Schubotz Moritz, Greiner-Petter André, Scharpf Philipp, Meuschke Norman, Cohl Howard S, Gipp Bela
Information Science Group, University of Konstanz, Germany.
Applied and Computational Mathematics Division, NIST, U.S.A.
TUGboat (Provid). 2018 May;39(3). doi: 10.1145/3197026.3197058.

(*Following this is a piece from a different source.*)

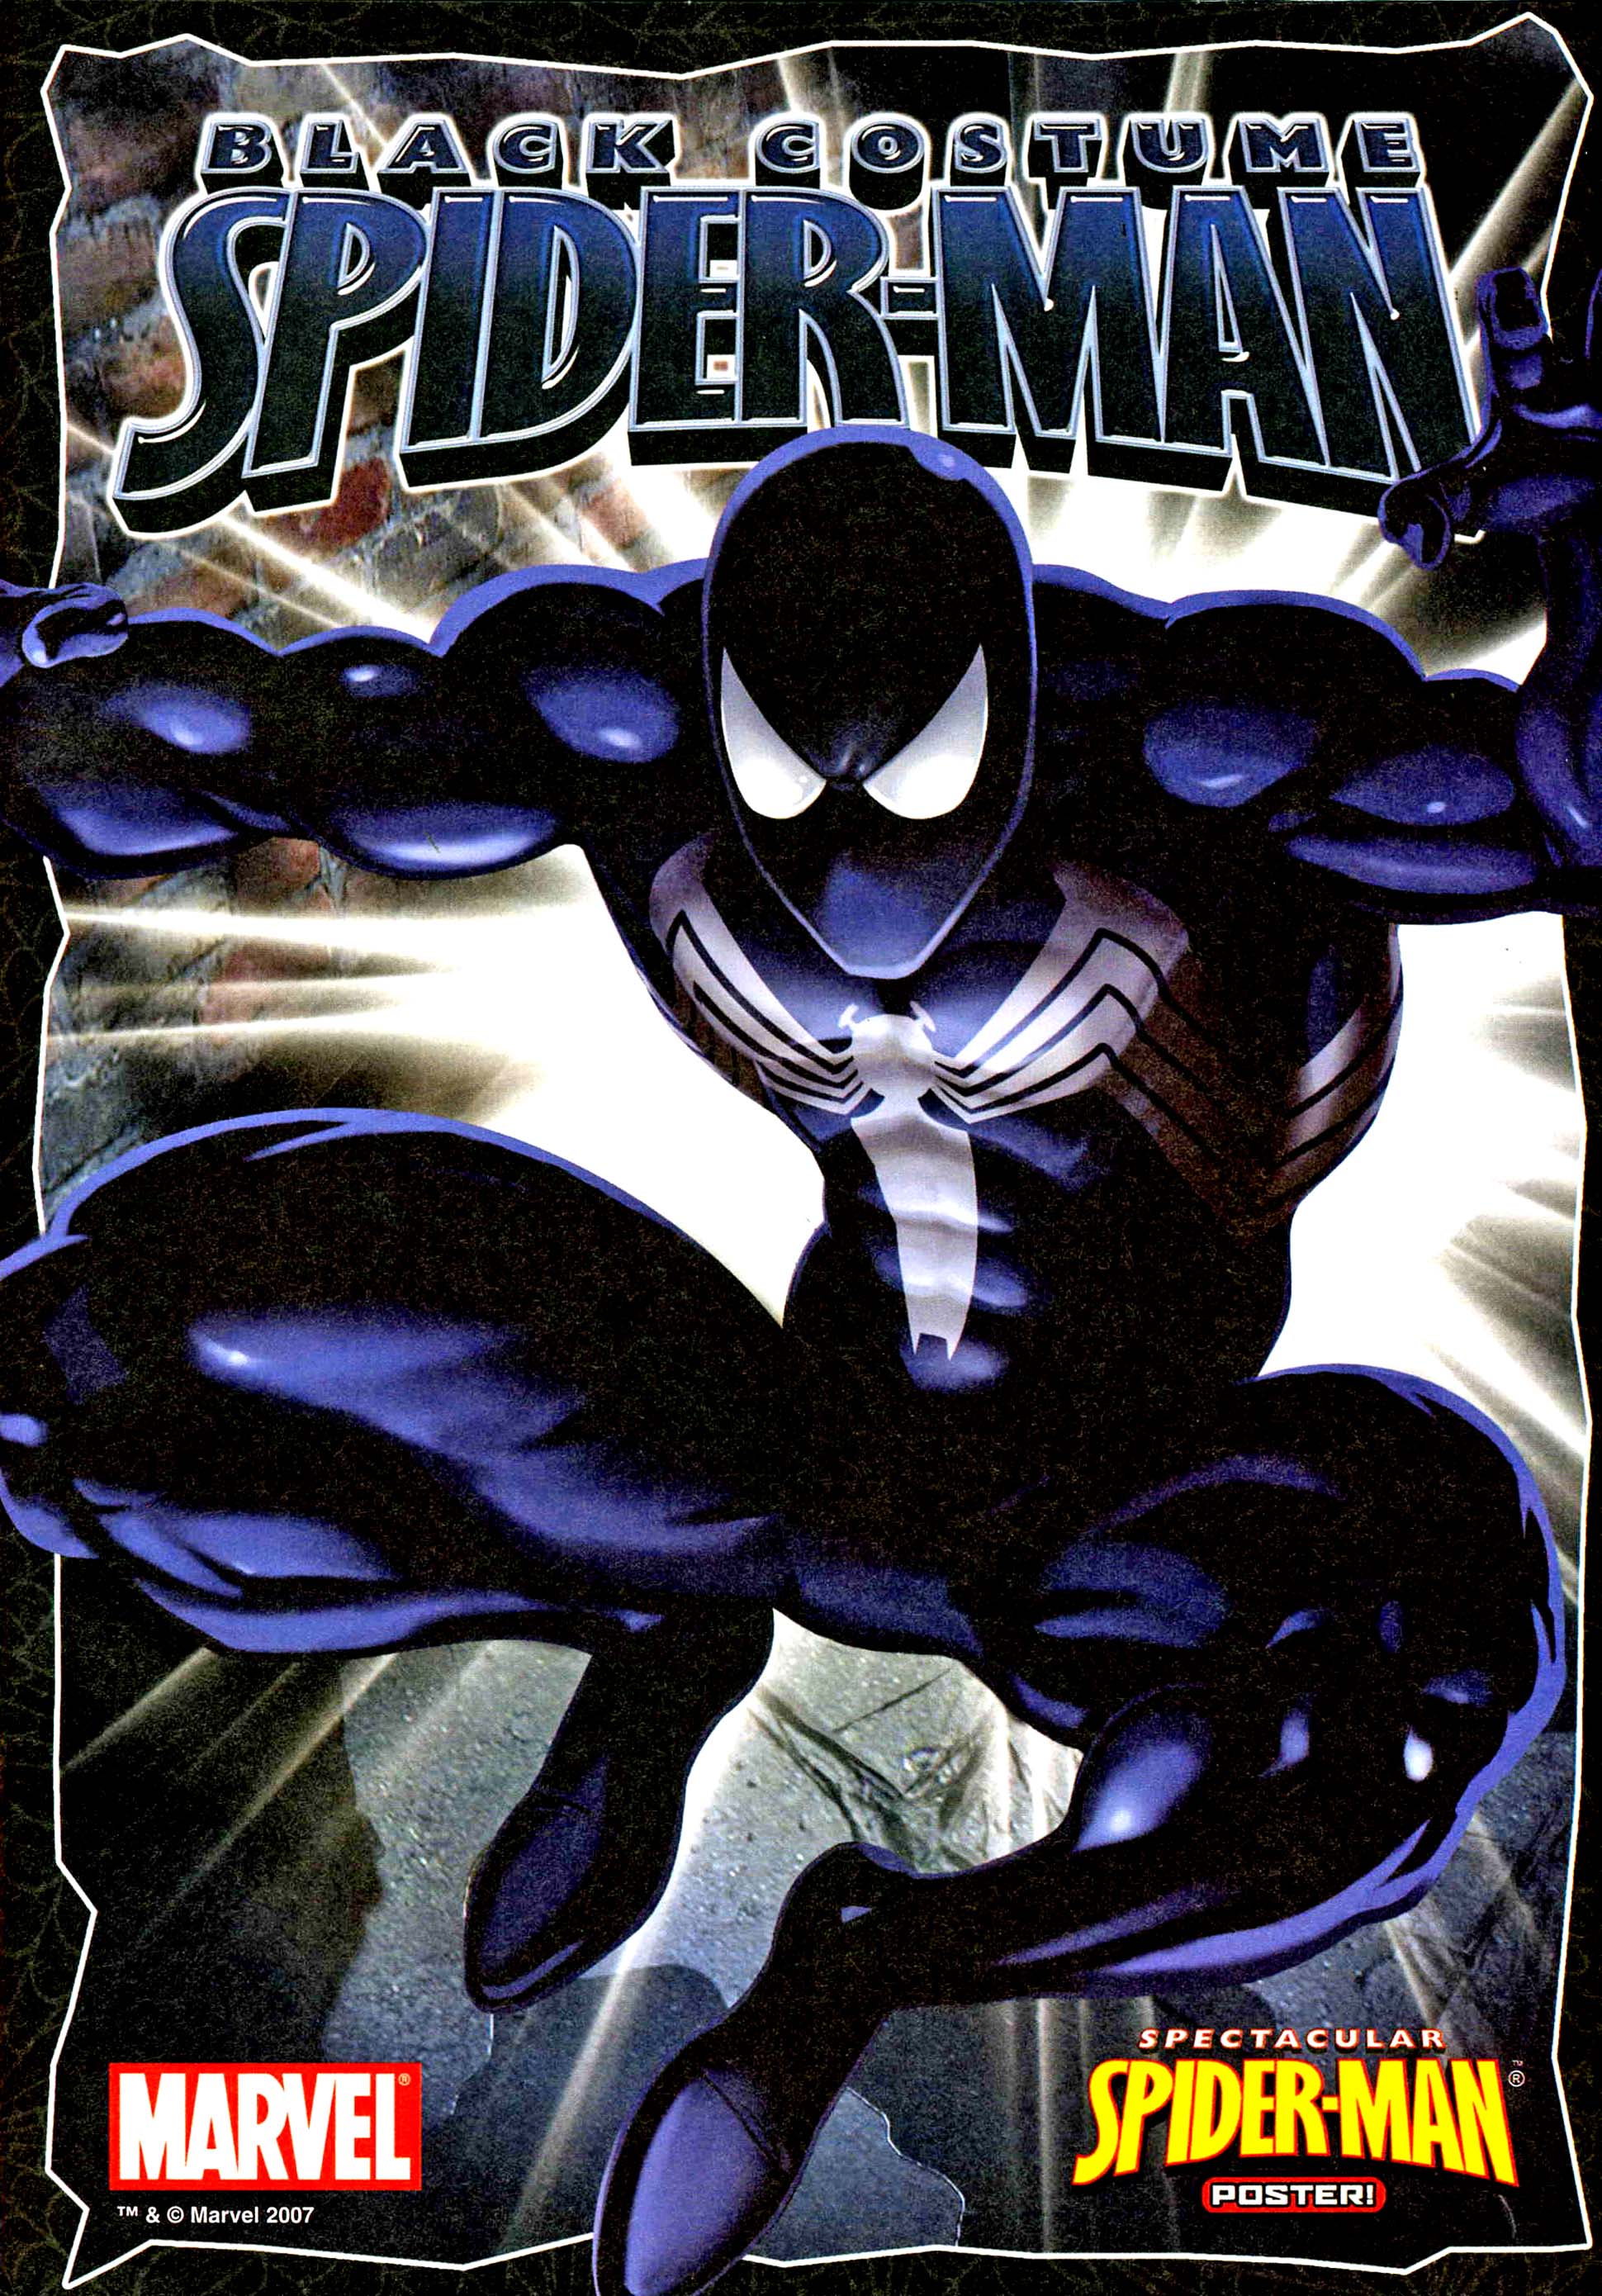 SSM UK 157 Page0017 black costume spider man

Mathematical formulae represent complex semantic information in a concise form. Especially in Science, Technology, Engineering, and Mathematics, mathematical formulae are crucial for communicating information, e.g., in scientific papers, and to perform computations using computer algebra systems. Enabling computers to access the information encoded in mathematical formulae requires machine-readable formats that can represent both the presentation and content, i.e., the semantics, of formulae. Exchanging such information between systems additionally requires conversion methods for mathematical representation formats. We analyze how the semantic enrichment of formulae improves the format conversion process and show that considering the textual context of formulae reduces the error rate of such conversions. Our main contributions are: (1) providing an openly available benchmark dataset for the mathematical format conversion task consisting of a newly created test collection, an extensive, manually curated gold standard and task-specific evaluation metrics; (2) performing a quantitative evaluation of state-of-the-art tools for mathematical format conversions; (3) presenting a new approach that considers the textual context of formulae to reduce the error rate for mathematical format conversions. Our benchmark dataset facilitates future research on mathematical format conversions as well as research on many problems in mathematical information retrieval. Because we annotated and linked all components of formulae, e.g., identifiers, operators and other entities, to Wikidata entries, the gold standard can, for instance, be used to train methods for formula concept discovery and recognition. Such methods can then be applied to improve mathematical information retrieval systems, e.g., for semantic formula search, recommendation of mathematical content, or detection of mathematical plagiarism.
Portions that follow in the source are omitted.